Starting your own business and devoting your time and passion to make it grow is a huge commitment. We’ve been a first-hand witness to the sweat and tears that our startup founders have put into their own, so we’ve gathered a few points that we have also learned along the way to help you before you stand your ground in the startup industry:

1. Identify what problem your product/service aims to solve.

The definition of a startup is “a company working to solve a problem where the solution is not obvious and success is not guaranteed,” says Neil Blumenthal, cofounder and co-CEO of Warby Parker.

So, what is it that you would like to solve? Perhaps you yourself have encountered this pain point and you would like to be part of the solution than of the problem.

The founders of our partners at DIBZ, Donald Saurombe and Leeroy Shoko were once in marketing companies when they realized that it took an average of 20 minutes to look for parking in the city and that they would need to allot this much time before meetings in order to not be late. Jonathan Deforge, Founder & CEO of scoutedby — a platform connecting talented individuals to the best business schools around the world, comes from a student recruitment background and saw the disconnect between business schools and MBA-seekers. Magellan Fetalino, Founder & CEO of e-invoicing platform Acudeen, was handling a small business who encountered difficulty in collecting receivables. You may just be in the same starting point.

Often times, starting entrepreneurs would ask themselves, “How does one know that the BIG idea is perfect enough to launch a business?” Perhaps it may not be that perfect, but it is important to ask the right questions. To put it in another way but to stress the same importance, Christian Besler, Chief Digital Officer of AC Health, mentioned in one of the #WECUBEASKS series, “Don’t focus too much on the idea, look for the problem. Be a domain expert in that problem, then more ideas will come. The journey is all about really understanding the problem and knowing how to solve it.”

Instead of asking questions that will create doubt in the process, ask yourself the real question that is, what problem would you like to address and see yourself facing 24/7? Then comes the how.

2. Listen to your target market/users.

Now that you know what you want to put out to the world, it’s time to identify your market. Are there more people out there who think that this is also a problem they would like to be solved? And even more importantly, how would they like it to be solved? Will they pay for this product or service? If so, how much?

But that may be getting too way ahead. The point we would like to get across is that we have to know the market very well and to listen to their needs.

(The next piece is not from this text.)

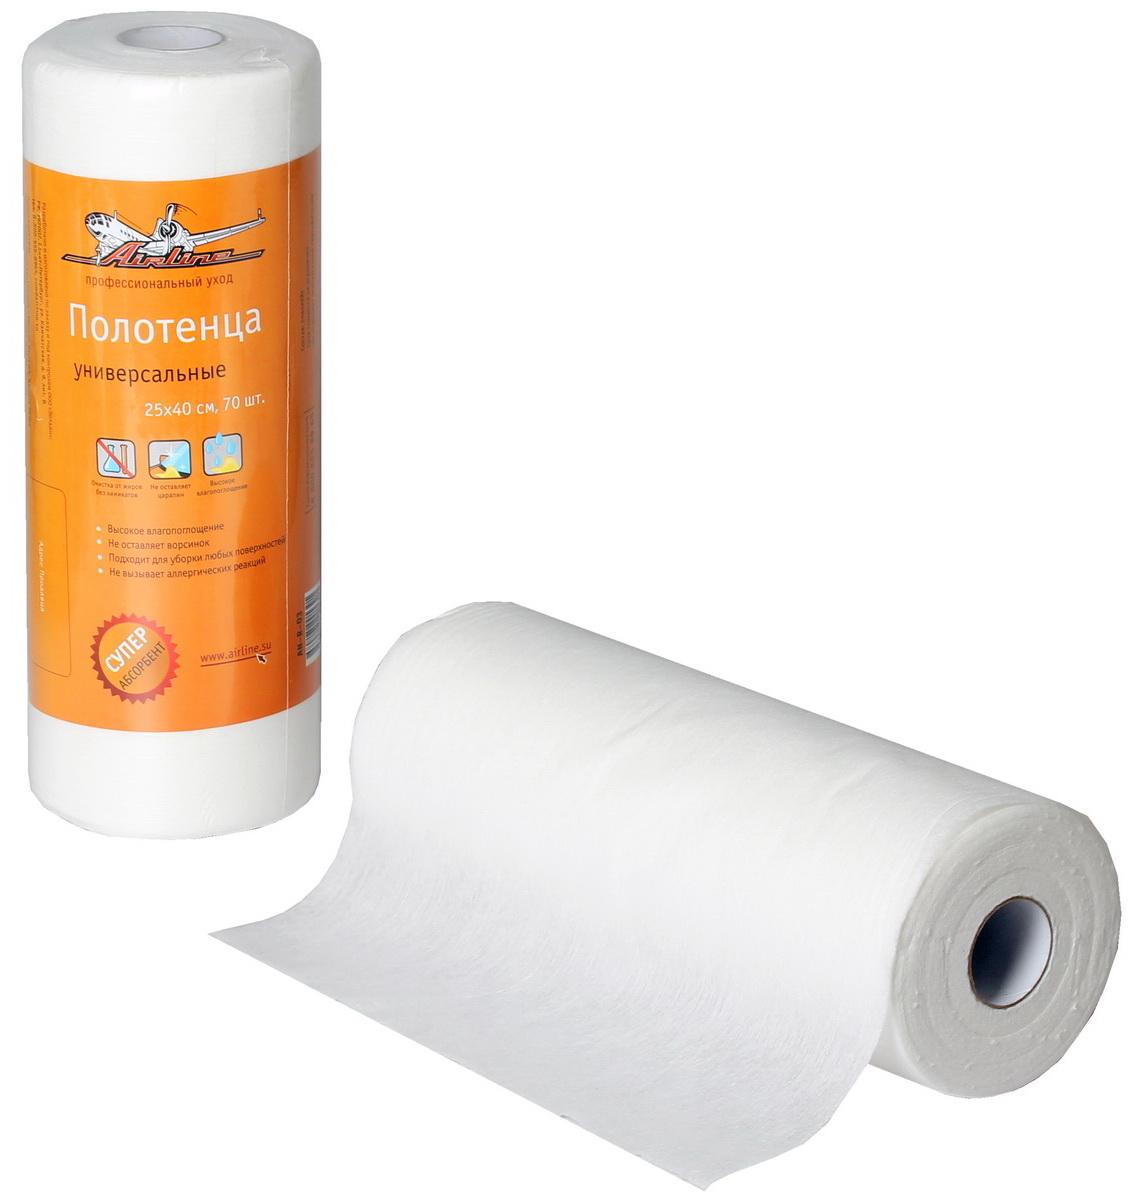 Полотенце универсальное Airline, 25 х 40 см, 70 штAN-R-03Универсальные полотенца Airline для уборки, помогут поддержанию чистоты в салоне автомобиля, дома и в любом другом месте. Полотенца выполнены из вискозы и полиэстера. С помощью полотенец может осуществляться исключительно влажная уборка. Изделия собирают даже мельчайшие загрязнения и тщательно впитывают влагу.Преимущества:- Высокое влагопоглощение,- Не оставляет ворсинок, - Подходит для уборки любых поверхностей, - Не вызывает аллергических реакций. Не подлежит обязательной сертификации.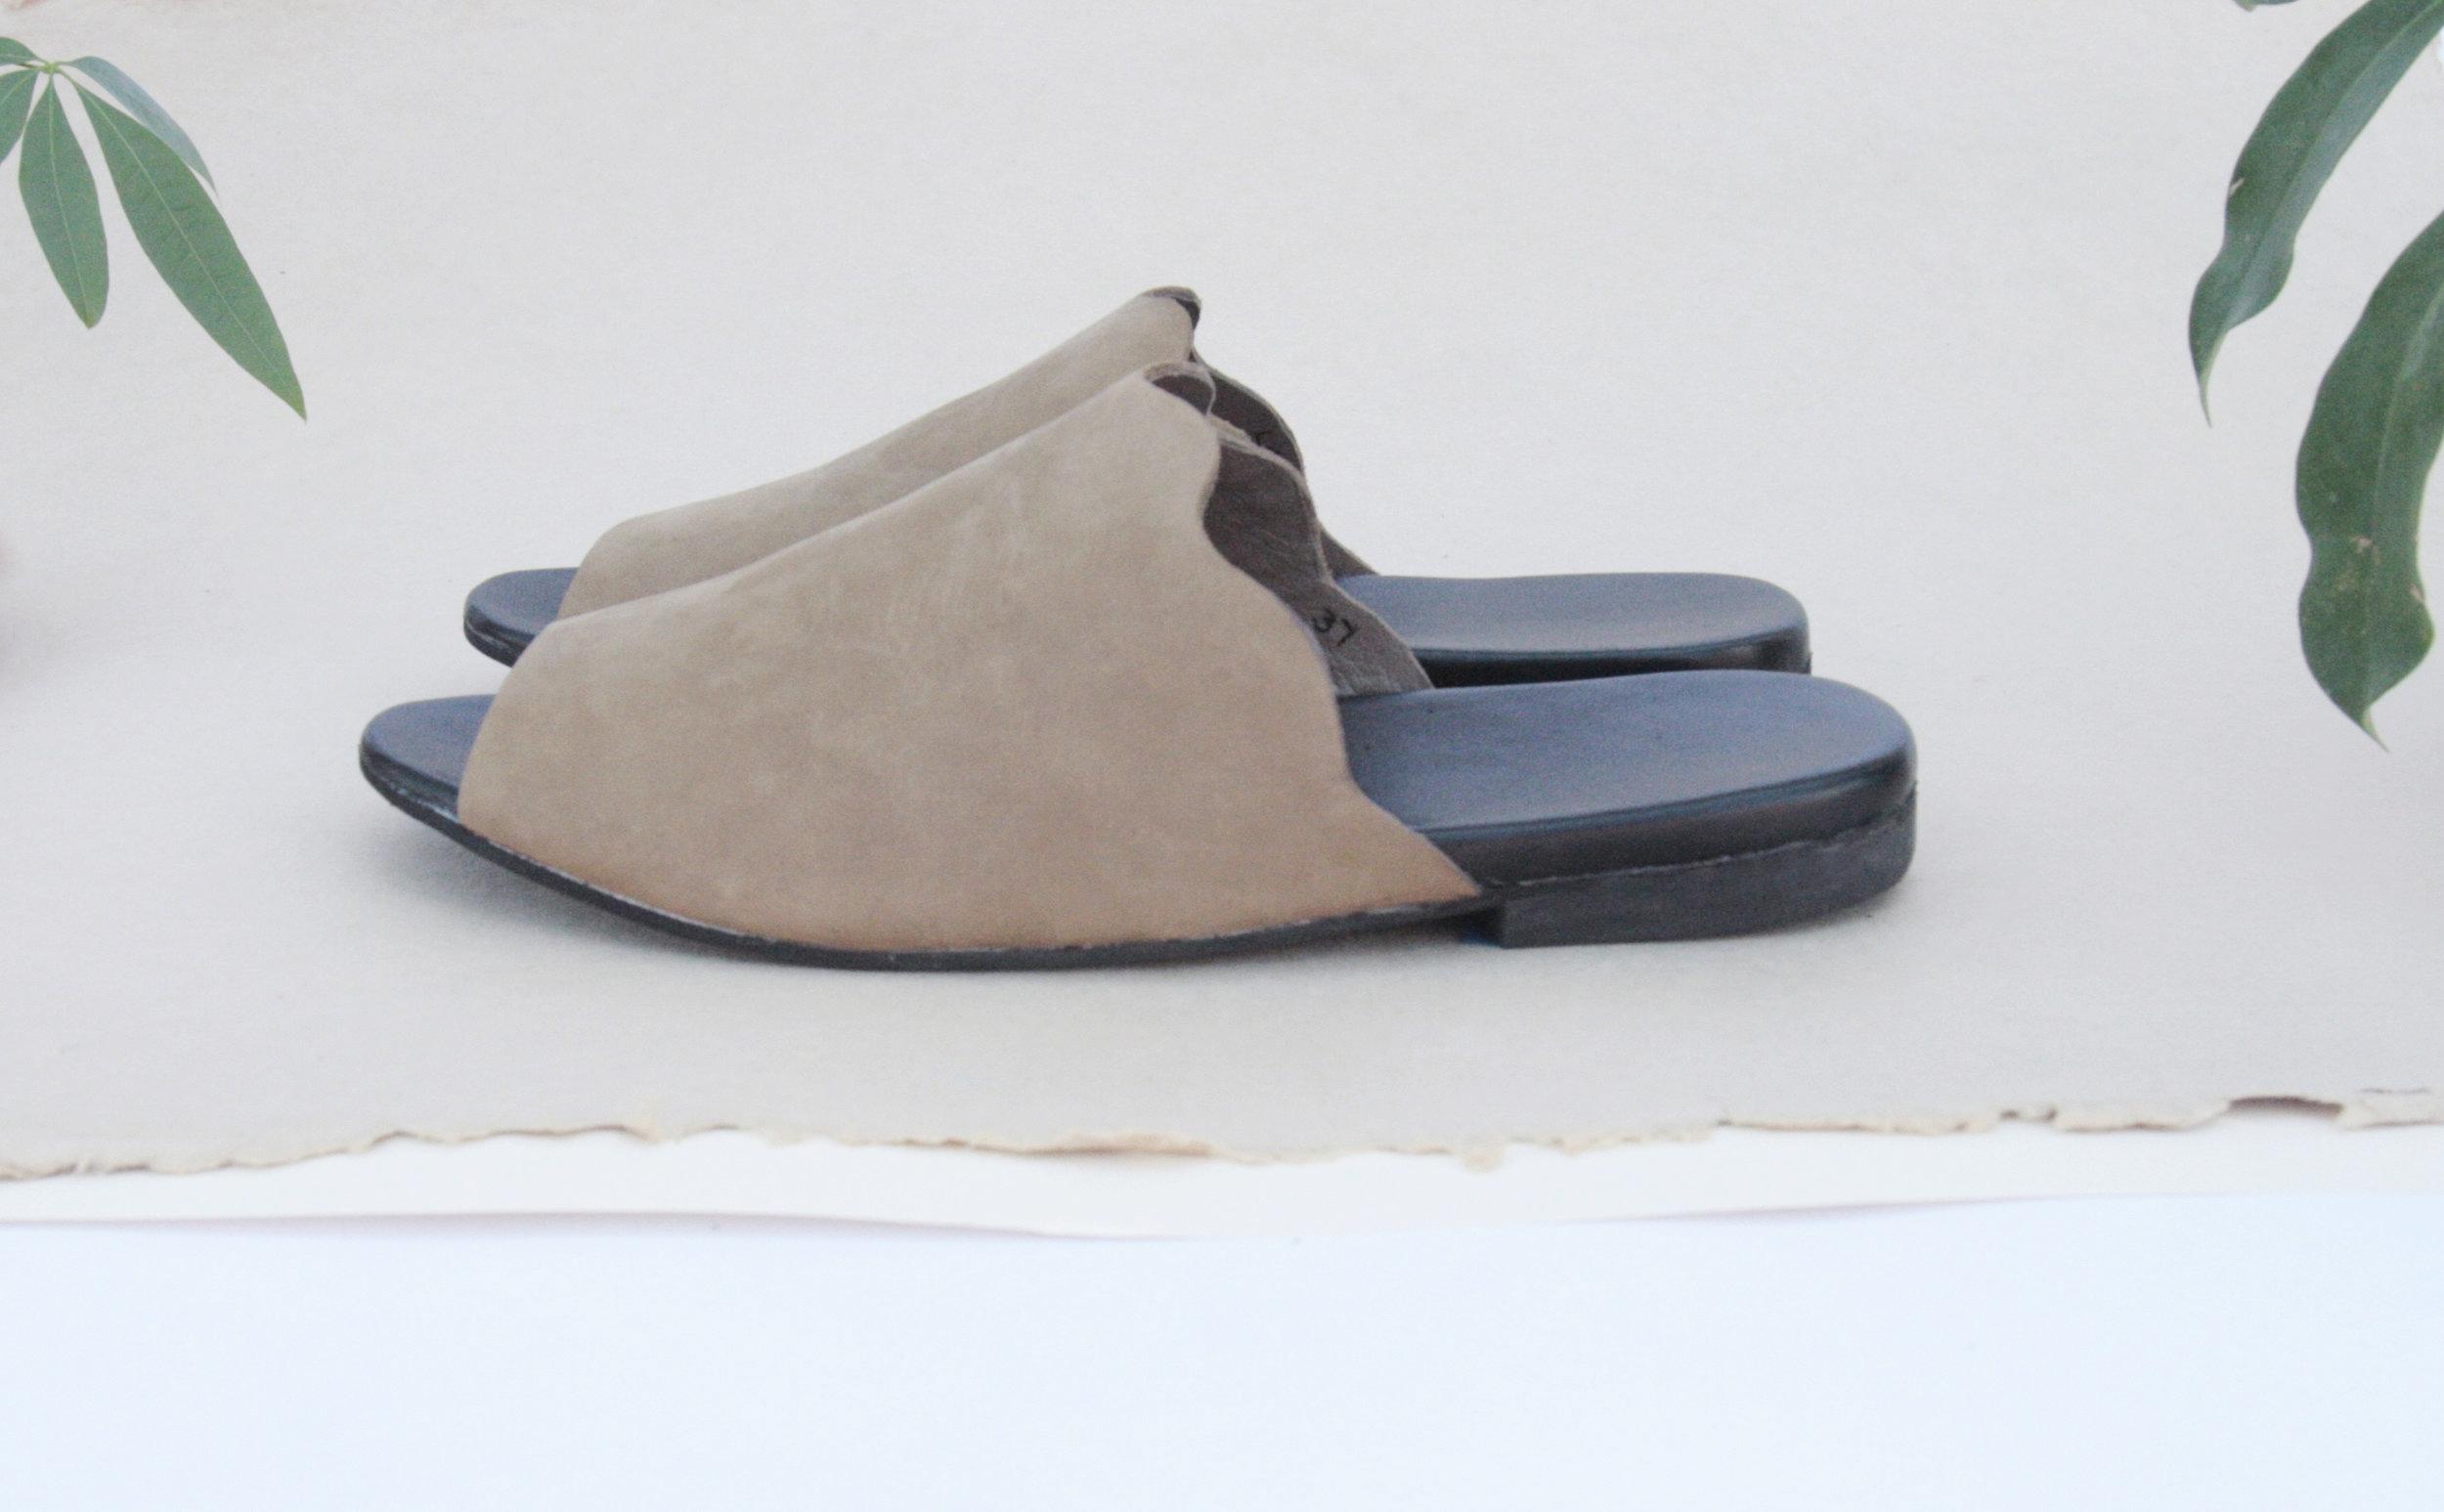 Wavvy Mule - Custom Comfort Handmade Slide

Once you’ve answered the questions that will holistically identify your niche, the next step is to make your presence happen. Do this by understanding their behavior and figuring out the most engaging way to interact with them. Approach your target market as if they are part of the business that was made for them. Share true to life stories about how this business came about just to address their needs.

3. Keep listening to your target market/users.

We cannot stress enough how important it is to keep listening to your early users. This is how you stay in the game. Humbly listen to feedback and comments and address them urgently. Many times, we fall in love with our idea or product to a fault that we insist that this is the way it should be, without fully hearing out what the market is already pointing out. You might need to adjust your business according to a trend that your chosen market is induced to follow or to an arising need that directly affects them. Whatever this maybe, being able to hear out your market and provide solutions to them can offer entails brand loyalty.

Take Suzuki for an example, it may be best known in the U.S. today for their high-performance motorcycles and sports vehicles. But from 1910 to 1935 Michio Suzuki was best known as the inventor and purveyor of weaving loom machines that powered Japan’s silk industry. An inventor at heart, Suzuki started looking for other products to produce in the interest of diversification. Suzuki’s complete 180 might have even given the founders of Odeo and Twitter pause.

Be ready to pivot and to roll with the punches. And maybe to pivot again. This entails being prepared for startup and the hurdles that come with having one.

4. Know how to choose your investor.

After bootstrapping, self-funding, or having friends and family invest in your business, there will come a time when you will consider having an investor to boost your growth. Choosing an investor is like choosing a spouse for marriage. Should you get a financial investor or a strategic investor, and at what stage? Where would you like to take your company?

We see our partners pitch to various investors left and right. This takes a lot of practice. That is why you should start pitching to angel investors, move up to seed investors and once the pitching skills and/or your product or service come around – face the big investors to bag the big bucks. For the ones starting out, and as we have also picked up from investors themselves, one must be prepared to sell the dream or the vision. Big investors look at the spread sheets but aside from a unique idea, they also look at how much you actually know what you’re doing. You should know your product more than they do. Repeat that process and when the product starts talking, that’s when you have enough to show potential investors.

5. Develop a business plan all the way to exit strategy.

To keep a business up and running, recruiters believe that you need to have the right people. As much as this is true, the most efficient processes should be from people who also have a significant purpose to the business. Don’t build your processes around the people, align the people you need to the process that will bring your business to success. A good businessman knows that every day is either make it or break it, so be always prepared with a plan; no matter how it turns out. When your business reaches the peak, what is your next step? When it starts to crumble down, how do you save it?

If your business model is not flexible enough to fit an exit plan then maybe it’s better to rethink the business altogether and have a lifestyle business instead.